Also, its best to avoid values that have larger prime factors. (e.g. I'd avoid 14 because GROMACS is more likely to have trouble with the prime factor 7. Numbers like 8, 9, 12, 16, ... tend to work well because all of the factors are 2 or 3.
foldy
Posts: 2061
Joined: Sat Dec 01, 2012 3:43 pm
Hardware configuration: Folding@Home Client 7.6.13 (1 GPU slots)
Windows 7 64bit
Intel Core i5 2500k@4Ghz
Nvidia gtx 1080ti driver 441

Re: AMD 3960X

Post by foldy »

With 24 physical core CPU using one cpu slot configured to 23 threads (leaving one physical core for GPU/System) is maybe the optimum for your CPU.
Joe_H
Site Admin
Posts: 7868
Joined: Tue Apr 21, 2009 4:41 pm
Hardware configuration: Mac Pro 2.8 quad 12 GB smp4
MacBook Pro 2.9 i7 8 GB smp2
Location: W. MA

Re: AMD 3960X

Post by Joe_H »

foldy wrote:With 24 physical core CPU using one cpu slot configured to 23 threads (leaving one physical core for GPU/System) is maybe the optimum for your CPU.
23 won't work, it is a large prime number. 22 and 21 are also out, 20 is about the highest integer below 24 that is usable with some projects supporting multiples of 5. The client set at numbers other than multiples of small primes will pick up WU's that use as many of the set number as possible though.

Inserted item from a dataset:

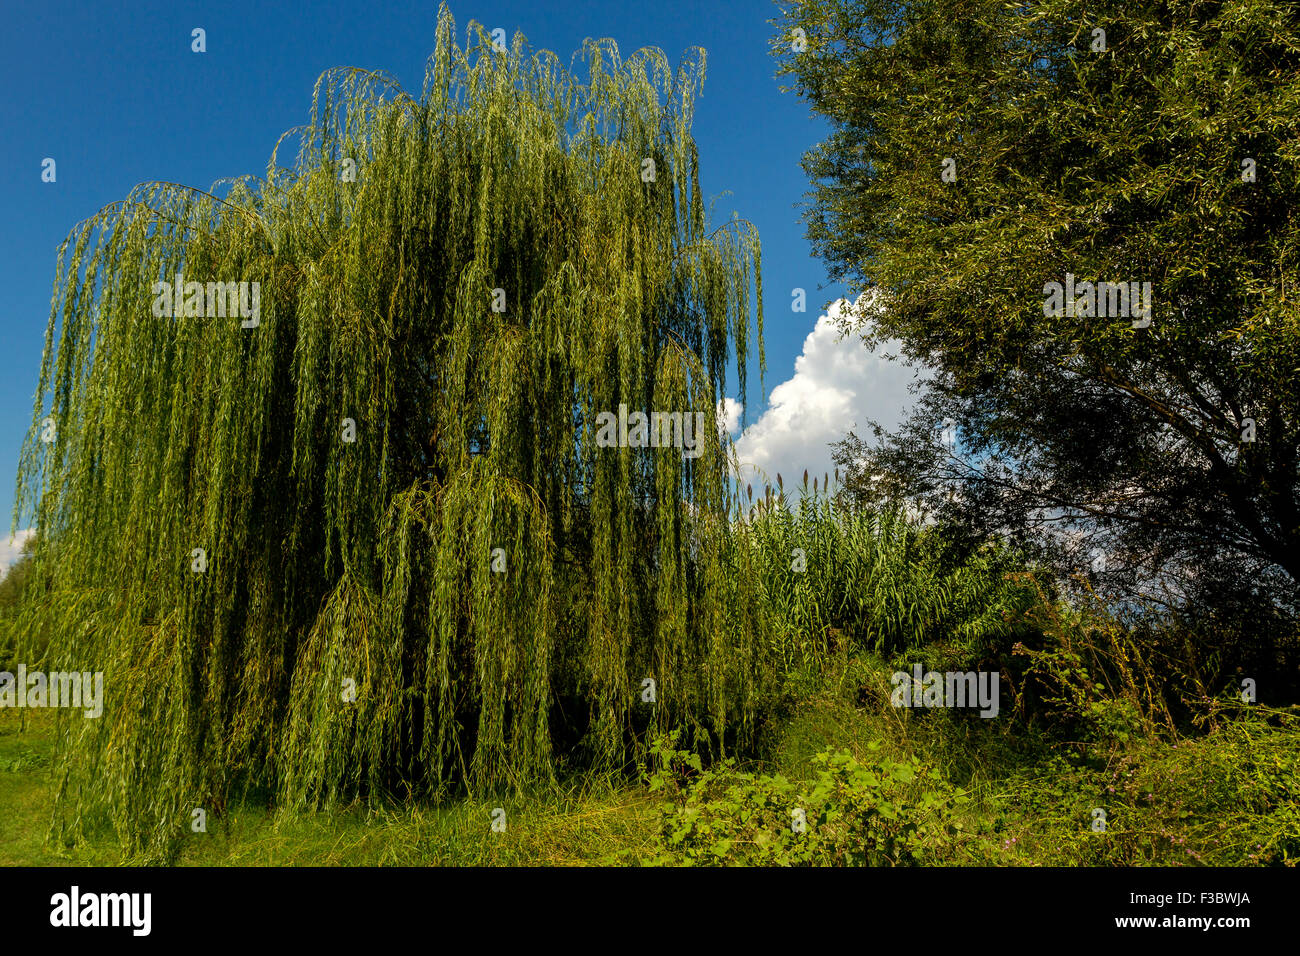 Weeping willow, on the banks of the lake Trichonida, in Greece. Stock Photo

Personally I would set the client to use 24 threads, and let the HT threads be available to support everything else. My experience with the CPU A7 core was that I did not see much improvement from adding HT threads to the processing of WU's.

P.S. mentioning that the A7 core is limited to 32 threads implies you are running Windows. You don't run into that limit using Linux.
Image

iMac 2.8 i7 12 GB smp8, Mac Pro 2.8 quad 12 GB smp6
MacBook Pro 2.9 i7 8 GB smp3
Gleep
Posts: 13
Joined: Tue Dec 17, 2019 4:12 pm

Re: AMD 3960X

Post by Gleep »

Thanks for the information everyone.

I'll test to see if AMD's SMT is of value or not, it's a different implementation than Intel's HT and may be of value. If I do see value in running more than 24 threads I'll experiment with running 3 or 4 cpu slots to find the sweet spot. I was unaware of GROMACS' problems with some thread counts and will avoid them.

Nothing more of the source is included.